Difference between revisions of "Slice theorem"

A theorem reducing the description of the action of a transformation group on some neighbourhood $U$ of a given orbit to that of the stabilizer $H$ of a point $x$ of this orbit on some space $S$ which is "normal" to the orbit at $x$. Namely, this theorem claims that $U$ is the homogeneous fibre space over $G / H$ with fibre $S$. Below, the precise setting and formulation are given, together with a counterpart of the theorem for algebraic transformation groups, called the étale slice theorem.

Slice theorem for topological transformation groups.

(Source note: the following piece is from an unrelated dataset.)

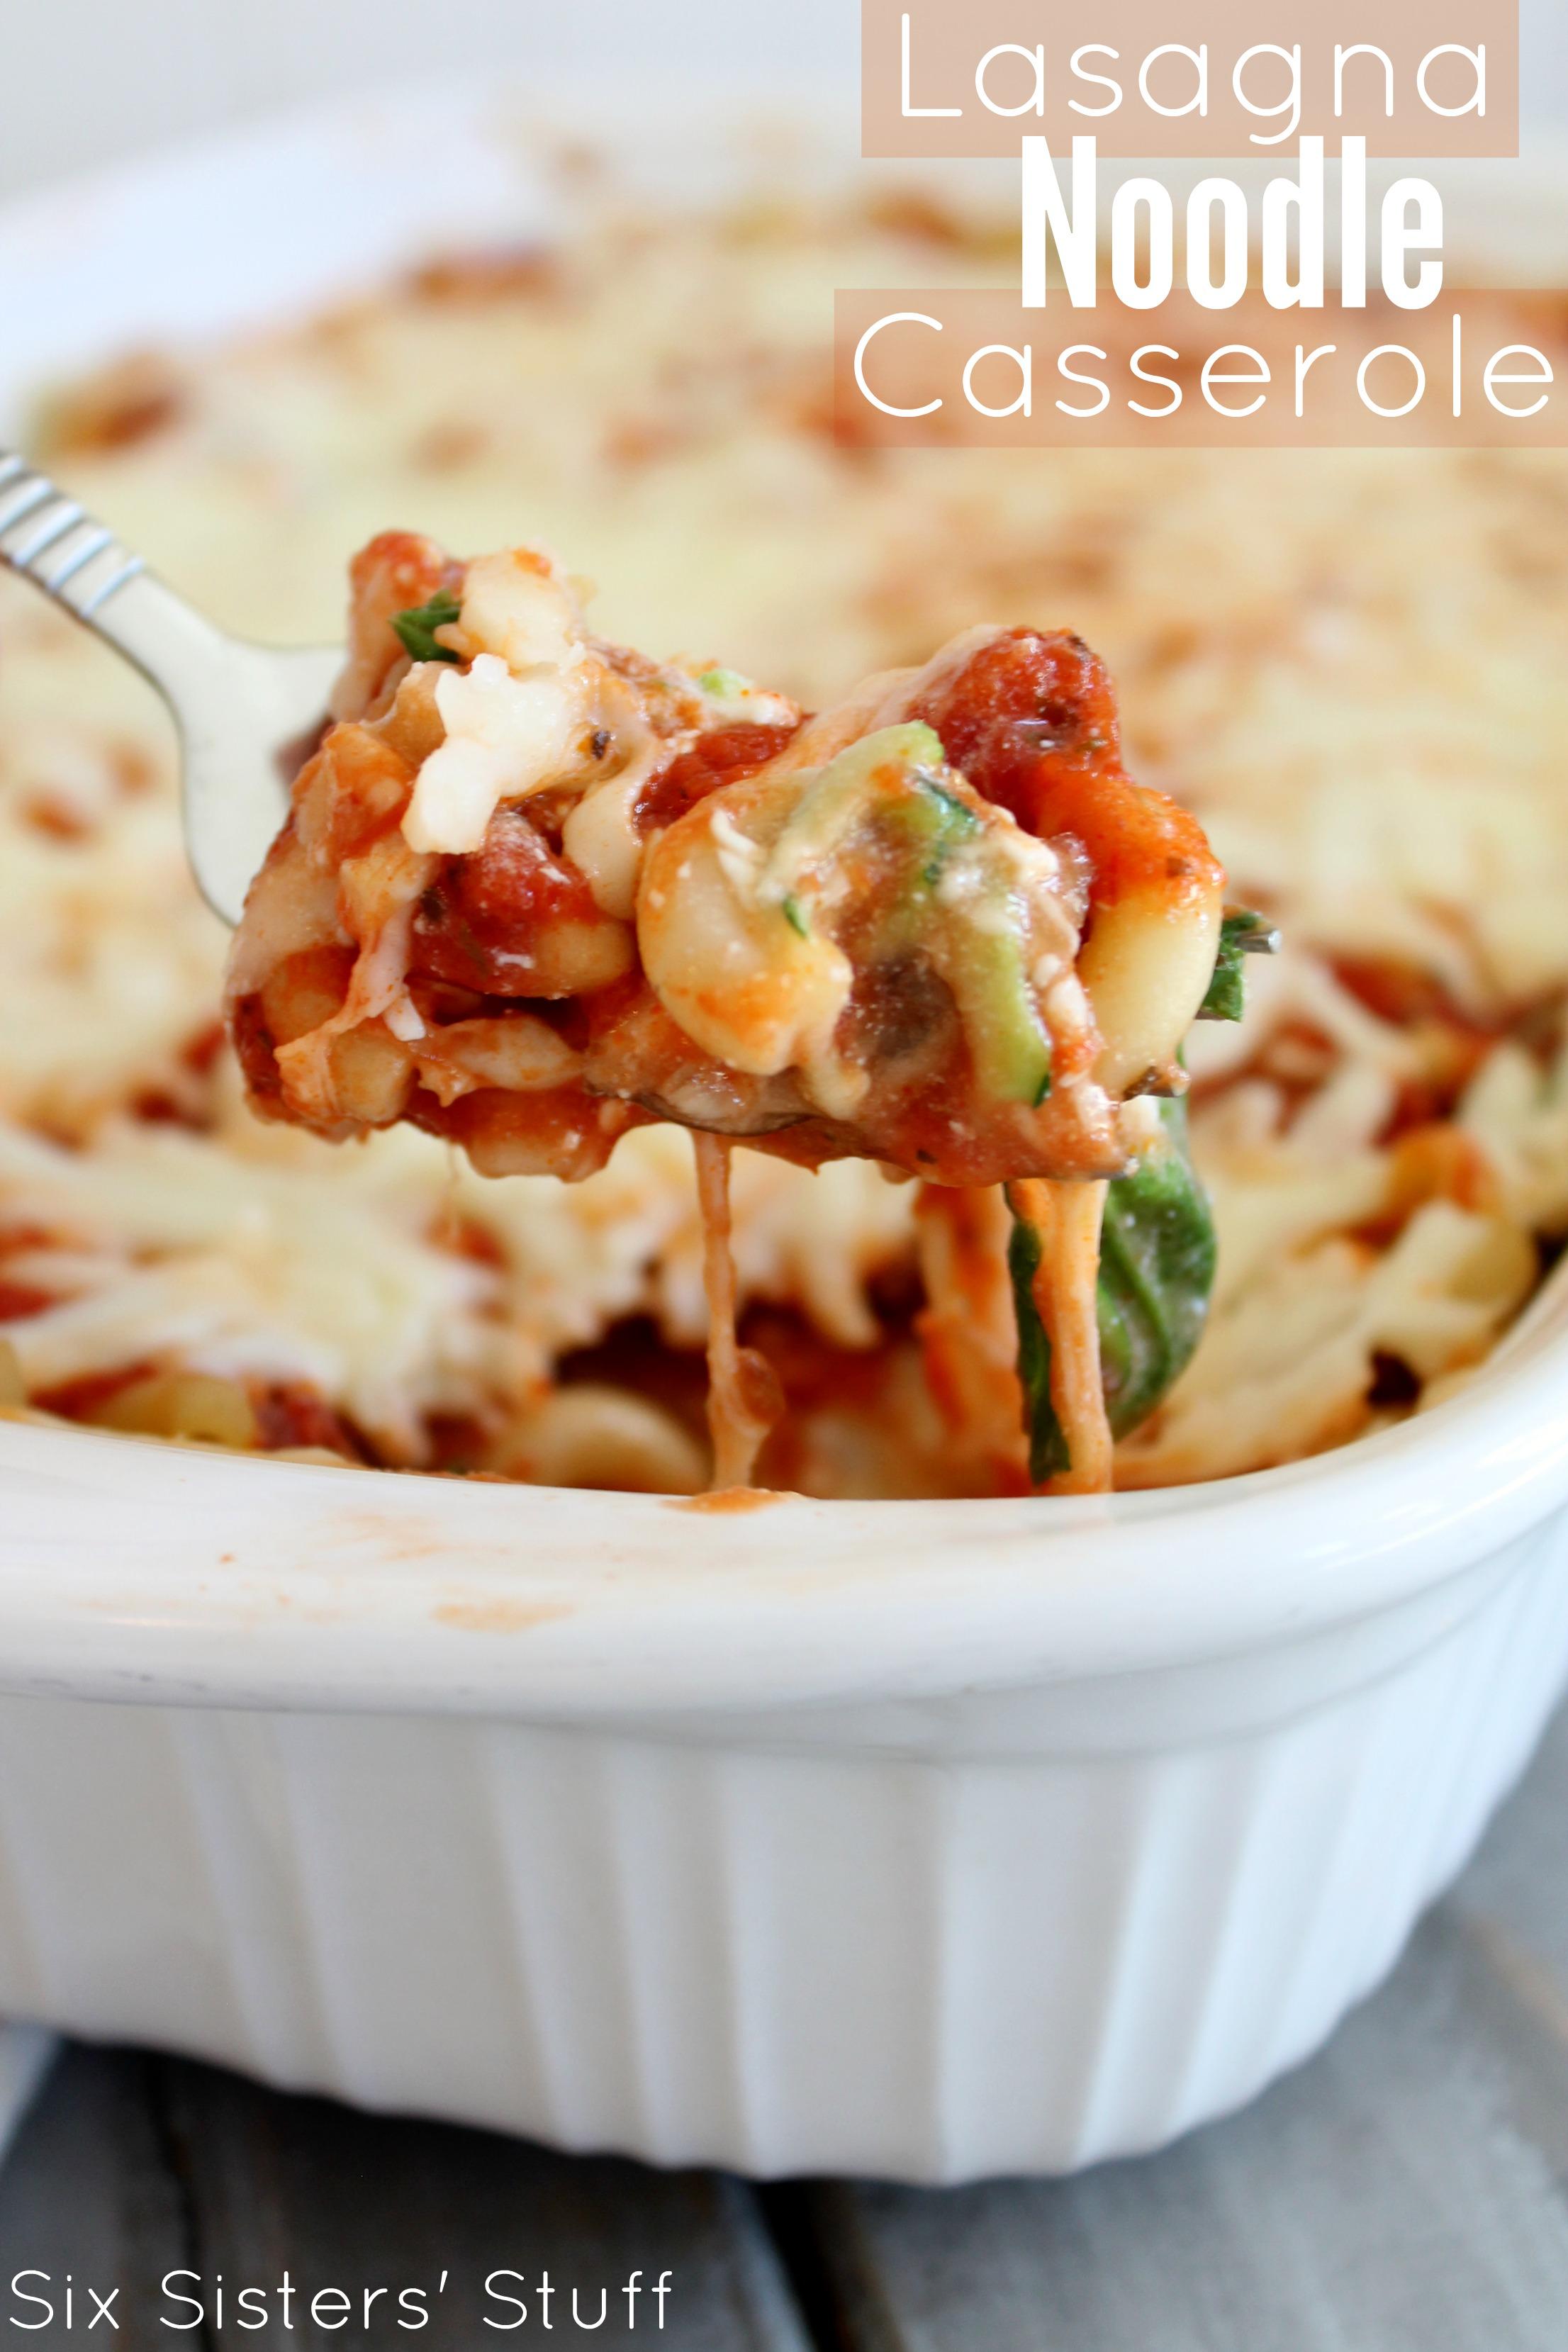 Lasagna Noodle Casserole

Let $G$ be a topological transformation group of a Hausdorff space $X$. A subspace $S$ of $X$ is called a slice at a point $x \in S$ if the following conditions hold:

i) $S$ is invariant under the stabilizer $G_{X}$ of $x$;

ii) the union $G ( S )$ of all orbits intersecting $S$ is an open neighbourhood of the orbit $G ( x )$ of $x$;

iii) if $G \times_{ G _ { x }} S$ is the homogeneous fibre space over $G /G_x$ with fibre $S$, then the equivariant mapping $\varphi : G \times _ { G _ { x } } S \rightarrow X$, which is uniquely defined by the condition that its restriction to the fibre $S$ over $G_{X}$ is the identity mapping $S \rightarrow S$ (cf. also Equivariant cohomology), is a homeomorphism of $G \times_{ G _ { x }} S$ onto $G ( S )$. Equivalent definitions are obtained by replacing iii) either by:

iv) there is an equivariant mapping $\pi : G ( S ) \rightarrow G ( x )$ that is the identity on $G ( x )$ and is such that $\pi ^ { - 1 } ( x ) = S$; or by

v) $S$ is closed in $G ( S )$ and $g ( S ) \cap S \neq \emptyset$ implies $g \in G _ { x }$.

The slice theorem claims that if certain conditions hold, then there is a slice at a point $x \in X$. The conditions depend on the case under consideration. The necessity of certain conditions is explained by the following observation.

If there is a slice $S$ at $x$, then there is a neighbourhood $U$ of $x$ (namely, $G ( S )$) such that the stabilizer of every point of $U$ is conjugate to a subgroup of $G_{X}$. In general, this property fails (e.g., take $G = \operatorname{SL} _ { 2 } ( \mathbf C )$ acting on the space of binary forms of degree $3$ in the variables $t_{1}$, $t_2$ by linear substitutions. Then the stabilizer of $x = t _ { 1 } ^ { 2 } t _ { 2 }$ is trivial but every neighbourhood of $x$ contains a point whose stabilizer has order $3$.)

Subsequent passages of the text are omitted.